This is the entry-point notebook. You'll learn the Managed Agents API surface by doing the most universal thing an agent does: try something, read what happened, try again. We upload a tiny package with two planted bugs, tell the agent to make the tests pass, and watch it work the loop, run the tests, read the traceback, edit the code, rerun, repeat until green.

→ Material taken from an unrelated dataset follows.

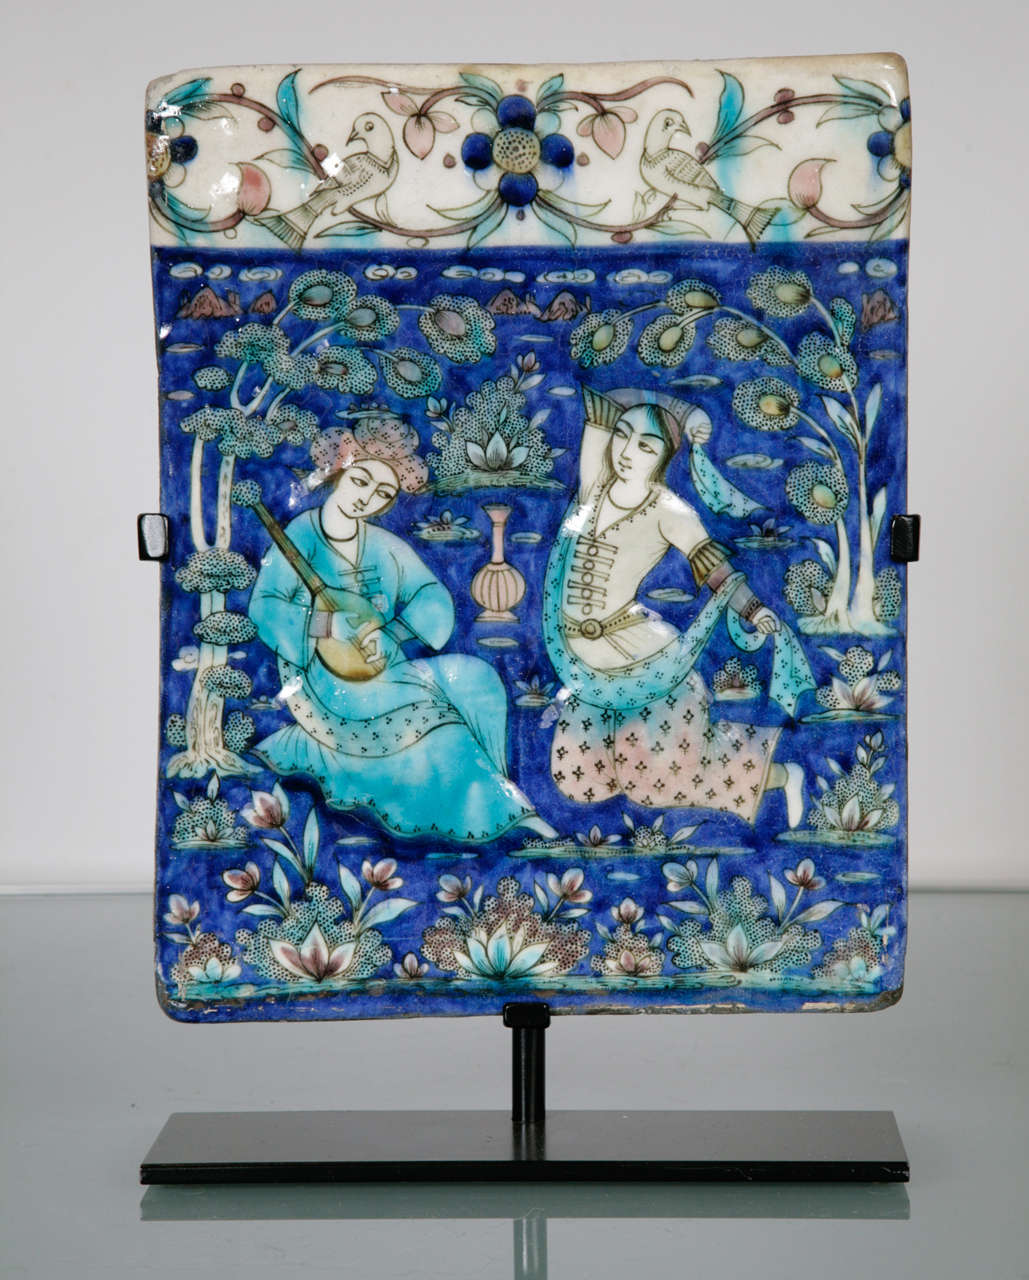 A rectangular polychrome tile depicting a romantic scene with a prince drinking and playing music with a companion. The companion dances with her scarf. Depicted with decorative border and floral landscape.

Along the way you'll see every API shape the rest of the cookbook builds on: agent / environment / session, the file mount, the event stream, and the archive call. By the end of this notebook you'll have done everything you need to drive an agent end-to-end.

Concepts

Three resources to know about:

  • Agent, a reusable config (model, system prompt, tools)
  • Environment, a container template (packages, networking)
  • Session, binds an agent and an environment, mounts any files the agent needs, and produces an event stream

You create an agent and an environment once and reuse them across many sessions. Each session is one self-contained run.

python
import os
from pathlib import Path
 
from anthropic import Anthropic
 
MODEL = os.environ.get("COOKBOOK_MODEL", "claude-sonnet-4-6")
 
client = Anthropic()
FIXTURE = Path("example_data") / "iterate"

1. Create the agent

The system prompt is deliberately sparse. We want the agent to figure out the iterate loop for itself rather than follow a step-by-step script, the test output makes the task obvious enough without further hand-holding.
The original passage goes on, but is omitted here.